By fetching and dispatching two instructions at a time, a maximum of two instructions per cycle can be completed. The advanced architecture and parallel processing pdf executes multiple instructions in the same execution unit in parallel by dividing the execution unit into different phases, whereas the latter executes multiple instructions in parallel by using multiple execution units. 1966 is often mentioned as the first superscalar design.
CPUs developed since about 1998 are superscalar. Each instruction executed by a scalar processor typically manipulates one or two data items at a time. A superscalar processor is a mixture of the two. Each instruction processes one data item, but there are multiple execution units within each CPU thus multiple instructions can be processing separate data items concurrently. Superscalar CPU design emphasizes improving the instruction dispatcher accuracy, and allowing it to keep the multiple execution units in use at all times. This has become increasingly important as the number of units has increased.

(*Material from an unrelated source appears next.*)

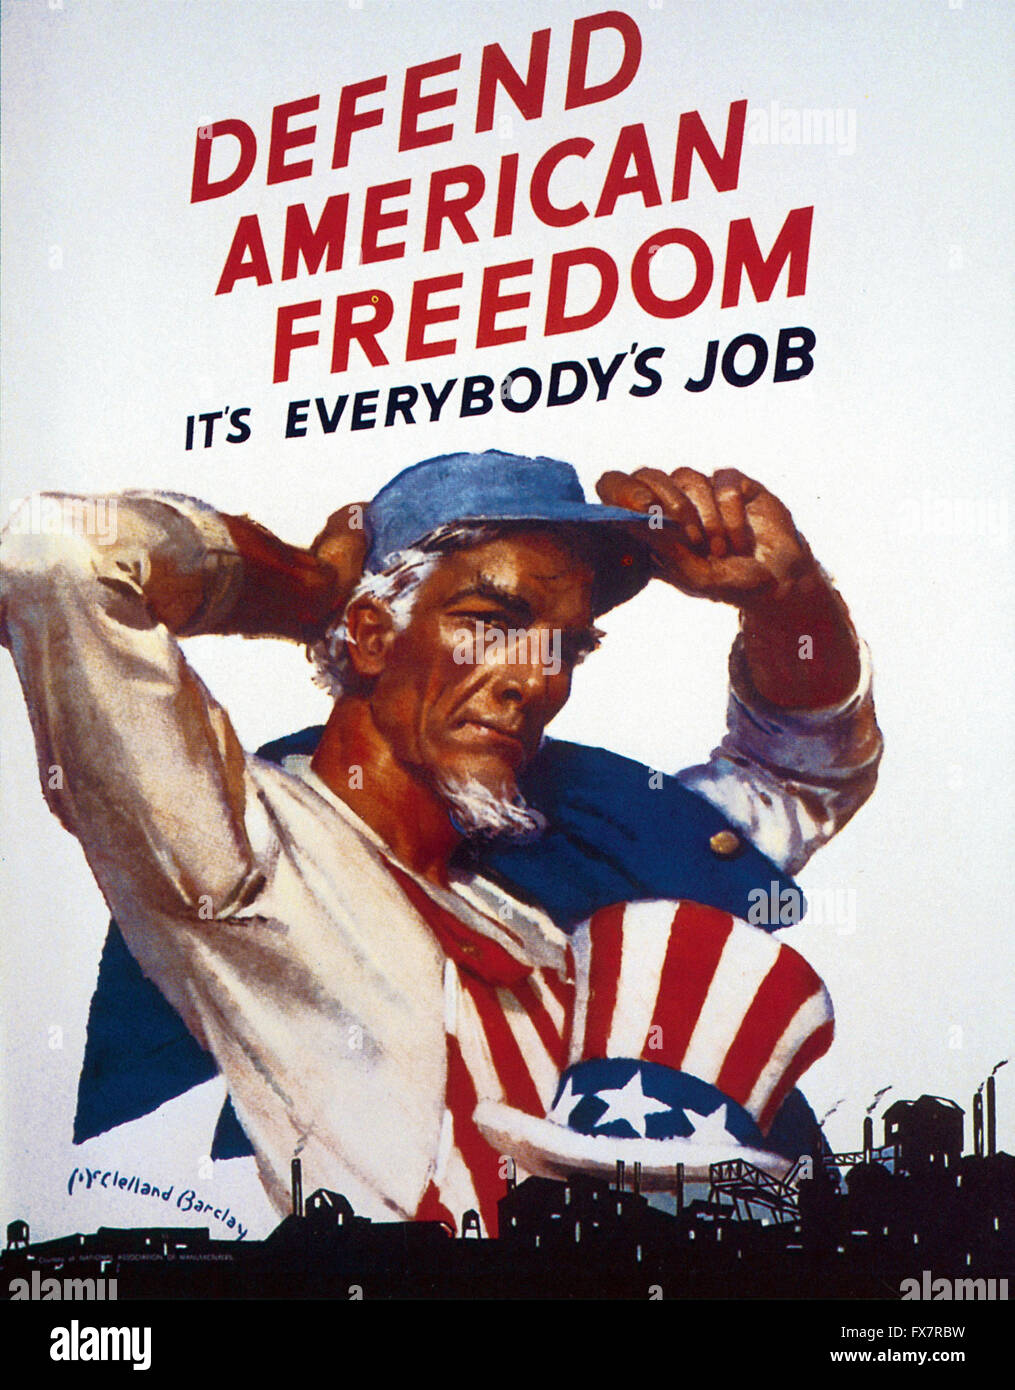 Defender la libertad estadounidense - el Tío Sam - Segunda Guerra Mundial - cartel propagandístico en EE.UU. Foto de stock
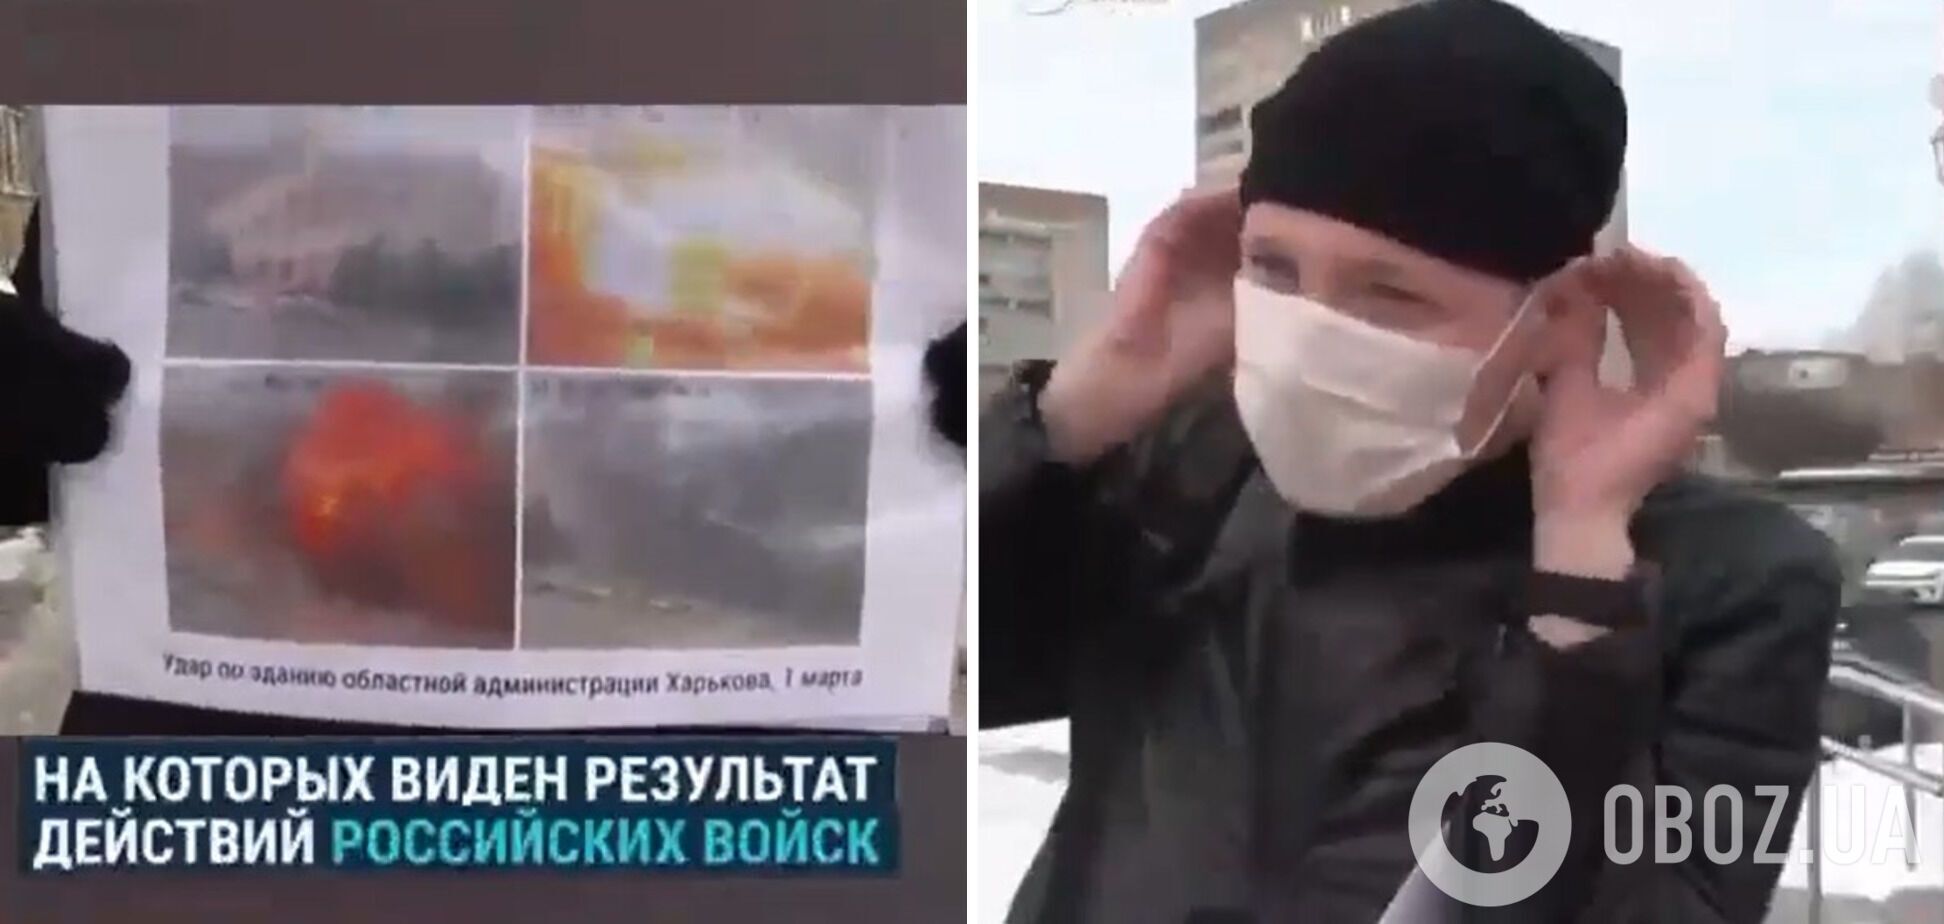 Увидев фото разрушенных войсками РФ украинских городов, россияне разворачивались и уходили

If the dispatcher is ineffective at keeping all of these units fed with instructions, the performance of the system will be no better than that of a simpler, cheaper design. In a superscalar CPU the dispatcher reads instructions from memory and decides which ones can be run in parallel, dispatching each to one of the several execution units contained inside a single CPU. Therefore, a superscalar processor can be envisioned having multiple parallel pipelines, each of which is processing instructions simultaneously from a single instruction thread. Existing binary executable programs have varying degrees of intrinsic parallelism. In some cases instructions are not dependent on each other and can be executed simultaneously.
In other cases they are inter-dependent: one instruction impacts either resources or results of the other. When the number of simultaneously issued instructions increases, the cost of dependency checking increases extremely rapidly. This is exacerbated by the need to check dependencies at run time and at the CPU’s clock rate. This cost includes additional logic gates required to implement the checks, and time delays through those gates.